African-American director Ryan Coogler, 27, also a Bay Area resident, was one of the people stunned by Grant’s murder and his film details the last day in Grant’s life. It’s a nuanced, lean portrait of an imperfect man striving to do better, whose future was denied by an unnecessary application of deadly force. The film has received accolades including the Grand Jury and Audience Awards at the Sundance Film Festival and the “Prize of the Future” award at the Cannes Film Festival.

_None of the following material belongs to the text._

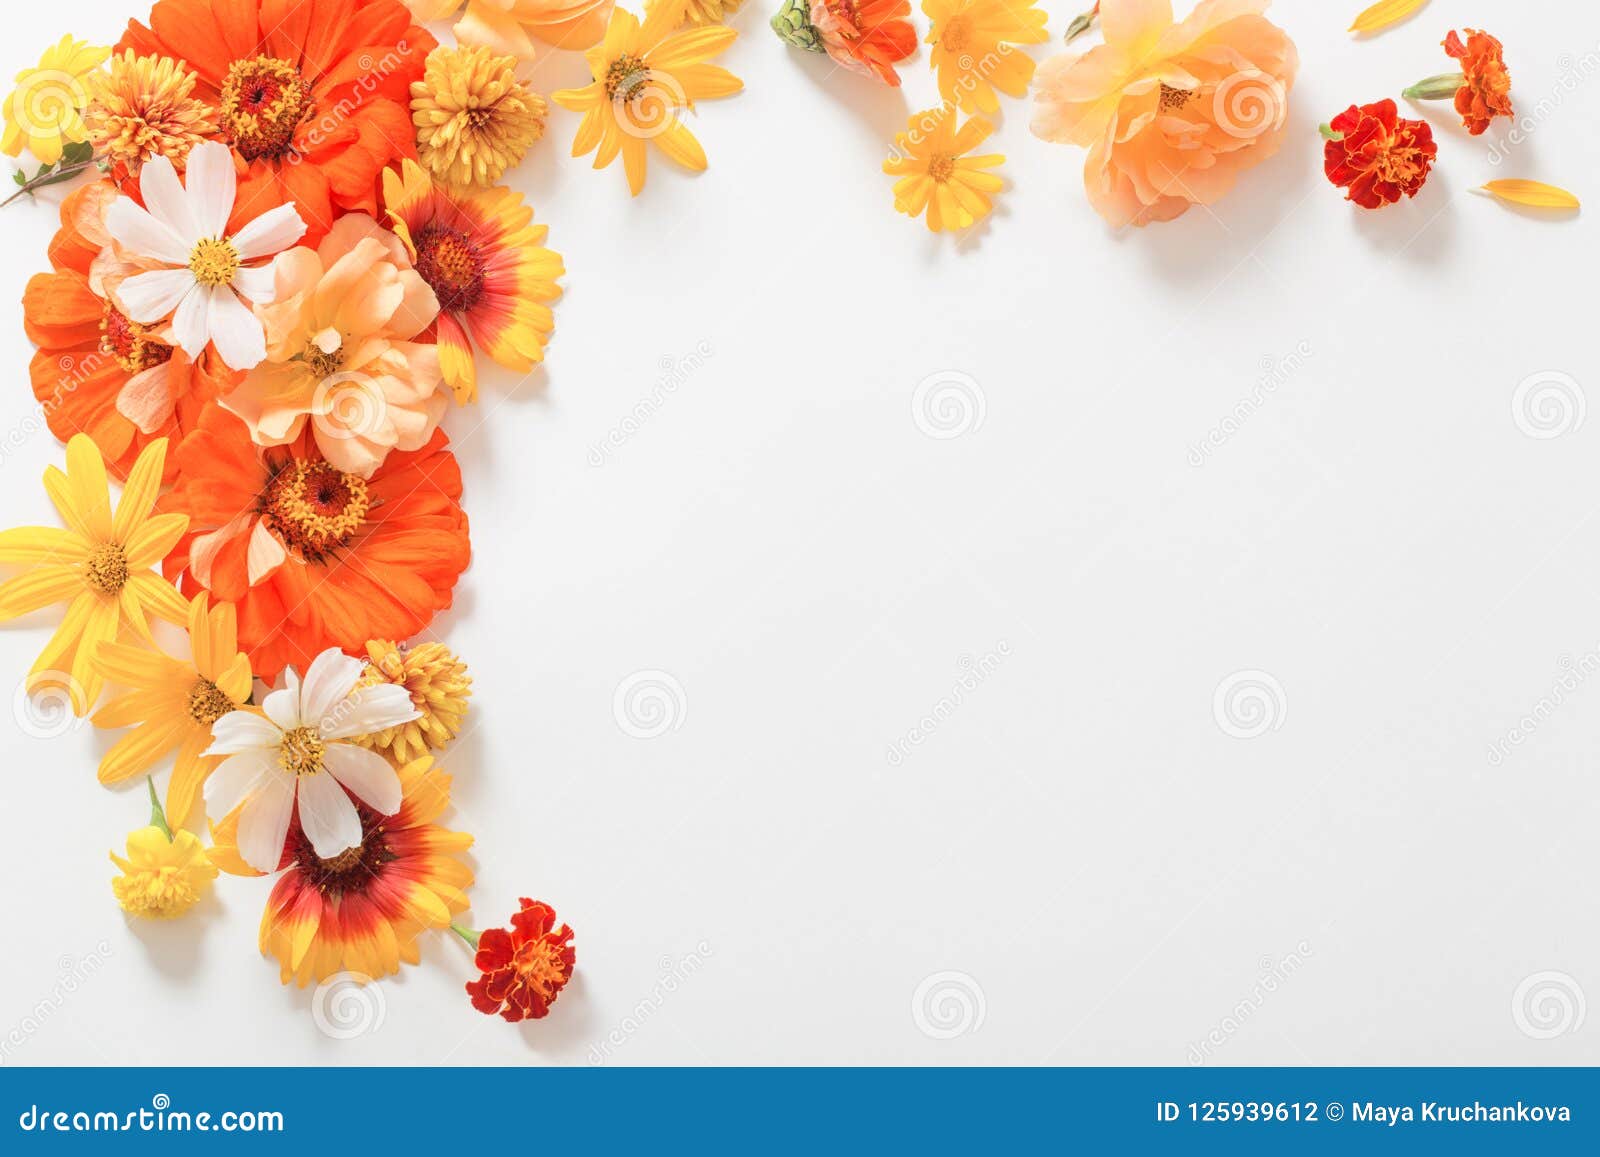 Hãy chiêm ngưỡng ảnh đồng nghĩa với hoa vàng và hoa cam trên nền trắng, tạo nên một bức tranh tuyệt đẹp cùng sắc màu tươi sáng thiên nhiên. Thật tuyệt vời khi được đắm mình trong vẻ đẹp của hoa vàng và hoa cam đầy sức sống.
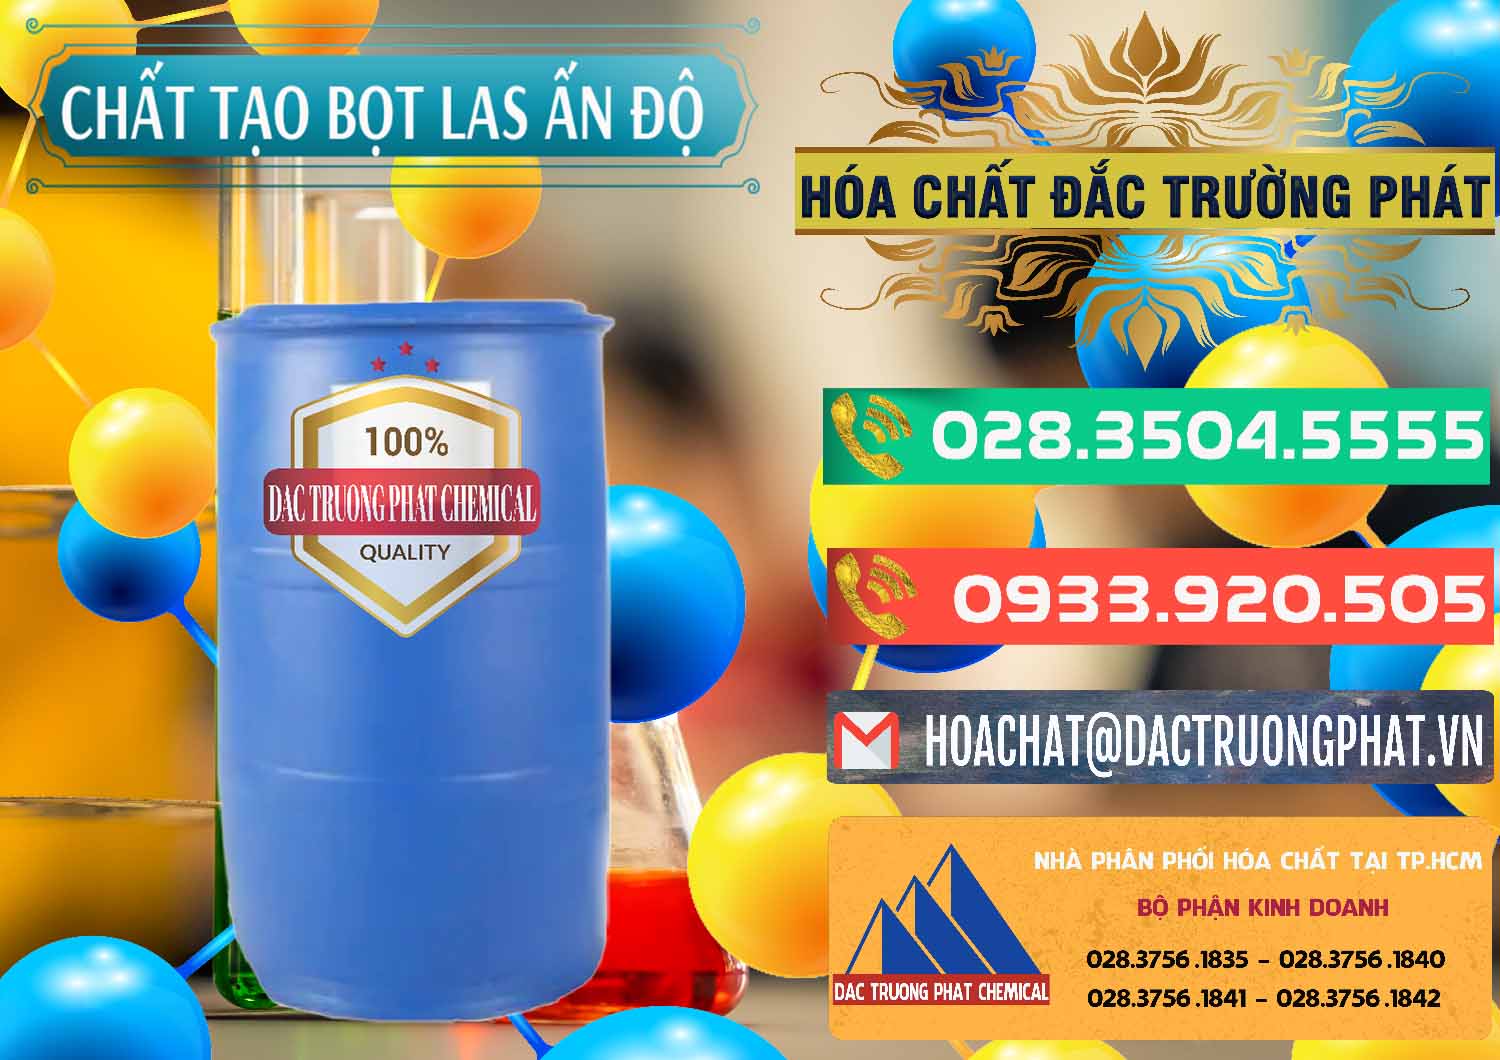 Cty kinh doanh và bán Chất tạo bọt Las Ấn Độ India - 0477 - Công ty bán và cung cấp hóa chất tại TP.HCM - congtyhoachat.com.vn

“Fruitvale Station” opened in limited release last week, but expands to theaters nationwide this weekend. Here are five reasons you should make it part of your weekend plans.

1. RYAN COOGLER

Like John Singleton and Spike Lee before him, Coogler has made an impressive first feature that has Hollywood hailing him the next big thing. He’s just signed on to direct “Creed” the seventh film in the “Rocky” series and apparently not to continue along the cheesy path of the last few. Jordan is also attached which means that the two will continue their already fertile creative partnership. Black directors are still much too rare in Hollywood and if this new crop of auteurs like Coogler and Ava Duvernay are what’s next, we’re very happy.

 

2. MICHAEL B. JORDAN

You know him from “The Wire,” where he played the doomed Wallace and from “Friday Night Lights,” “All My Children,” and “Parenthood” but “Fruitvale Station” is Jordan’s breakout film. As Grant, Jordan, 26, gives just the right amount of vulnerability and bravado as any young man trying to get it together would have. He is in virtually every frame of “Fruitvale Station” and he makes the best of the screen time by offering a portrayal of Grant that is heartbreakingly realistic. Oscar buzz is surrounding him already, although he will face extremely stiff competition this year with Brits Idris Elba and Chiwetel Ejiofor coming with not one, but three movies that have “Oscar-worthy” written all over them. Not that we’d mind seeing that historic moment.

3. OCTAVIA SPENCER

The Oscar winner is certainly making up for lost time. She’s been on the Hollywood scene for a good minute but after her award-winning performance in “The Help” she’s experiencing the kind of opportunities that usually go to better-known actresses. She has her agent to thank for “Fruitvale Station,” though, since at first she didn’t think she wanted to play the character of Wanda Johnson, Grant’s mother. Fortunately, her agent prevailed. Her portrayal of both a tough and loving mother is the kind that Oscar voters go for and could net her another Supporting Actress nod.

4. TRAYVON MARTIN

Do you love a black man? Then this is the movie you should take one to. Like Trayvon Martin, Grant was murdered based on his complexion, not because he did anything to warrant his death. Cell phone footage of the killing of an unarmed man led to protests in the Bay Area and ultimately his murderer, former BART police officer Johannes Mehserle was convicted of involuntary manslaughter. Sadly, though, Mehserle is a free man today. While it may be hard for a black man to watch as it’s a disheartening look at how vulnerable they truly are, it’s worth seeing even if just for the discussion it may generate.

5. SUPPORT A GOOD MOVIE

You know those black movies that launch campaigns to get people to “support black movies” and then you go to the movie and you realize it kinda…sucks? Well, this is not one of those movies. Coogler tells an unsentimental story with a deft hand. Given a different set of circumstances, “Fruitvale Station” could have been an intimate portrait of the struggles of one black man attempting to navigate his relationships and the world despite daunting obstacles. Instead, it’s a portrait of a man, interrupted, and sadly reflects several other similar situations around the country. “Fruitvale Station” stands on its own as compelling filmmaking and is a moving portrait of a man prevented from evolving through circumstances he didn’t anticipate or create.